# delete folder older than x



## StudMuffin (Jan 17, 2011)

So I've been working on a way to delete folders within a certain directory after X amount of days and came up with this but it ends up deleting all folders regardless of their creation date if it finds one folder matching that criteria. i barely understand programming. can somebody help me? here's what i have so far:

@echo off
set Yesterday=06/01/2011
for /d %%d in ("E:\folder\*") do (
for /f "tokens=1" %%a in ("%%~td") do (
echo Folder: %%d Creation date: %%a
if %%a NEQ %Yesterday% rmdir /S /Q "%%d"
)
)


----------



## Squashman (Apr 4, 2003)

I think the best utility for this is too use the ForFiles command. Comes standard on most Windows Server installations. I believe you can get it from the server resource kits.

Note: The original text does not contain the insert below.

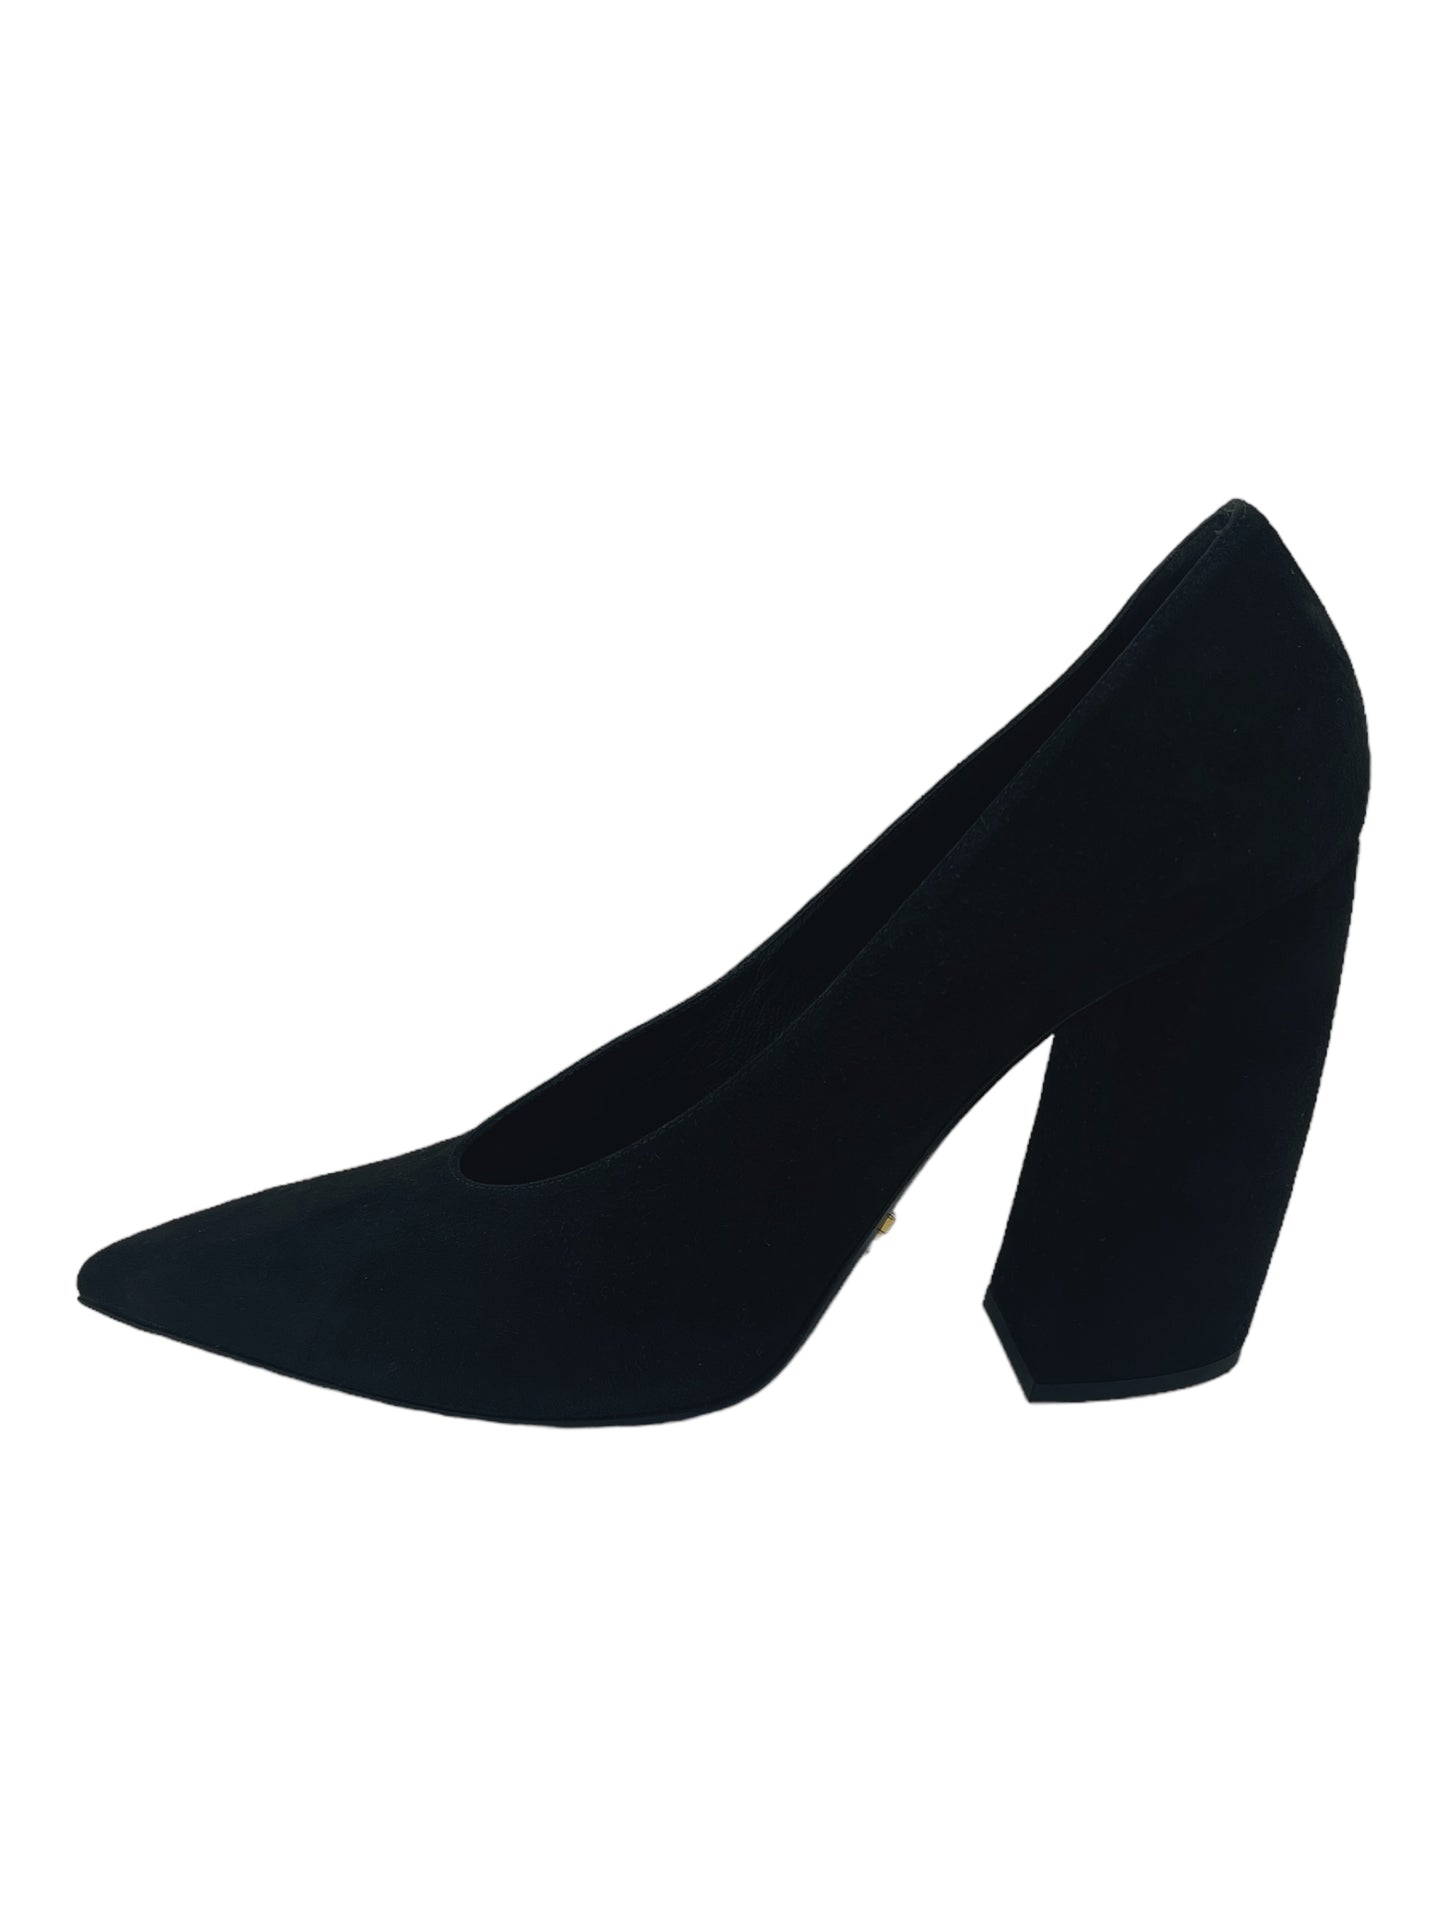 Prada Black Suede Pointed Toe High Heels 8 W

I believe by default the date you are trying to display is the last modified date and time. Not the date and time created.


----------



## StudMuffin (Jan 17, 2011)

so something like this to delete folders older than 5 days? 

forfiles /p "e:\folder\" /c "cmd /c if @isdir==TRUE RMDIR /S /Q @path" /d -5

when i run it, after installing the server resource kit, cmd just repeats that line of code over and over and over and over


----------



## Squashman (Apr 4, 2003)

StudMuffin said:


> so something like this to delete folders older than 5 days?
> 
> forfiles /p "e:\folder\" /c "cmd /c if @isdir==TRUE RMDIR /S /Q @path" /d -5
> 
> when i run it, after installing the server resource kit, cmd just repeats that line of code over and over and over and over


Looks like the right syntax. I don't know if you have to have the slash at the end of the path or not.


----------



## StudMuffin (Jan 17, 2011)

any guidance on how to get forfiles to run on xp or how to get my previous script to work properly?

EDIT:
got forfiles running. have the following but it comes out 'can't execute' will continue playing

forfiles -pE:\folder -d-5 -c "CMD /c if @isdir==TRUE RMDIR /S /Q @path"


----------



## Squashman (Apr 4, 2003)

The older version of for files used dashes for switches. The newer version uses slashes.
Both of them work on XP if memory serves me corectly. You just need to use the correct syntax for the version you have.


----------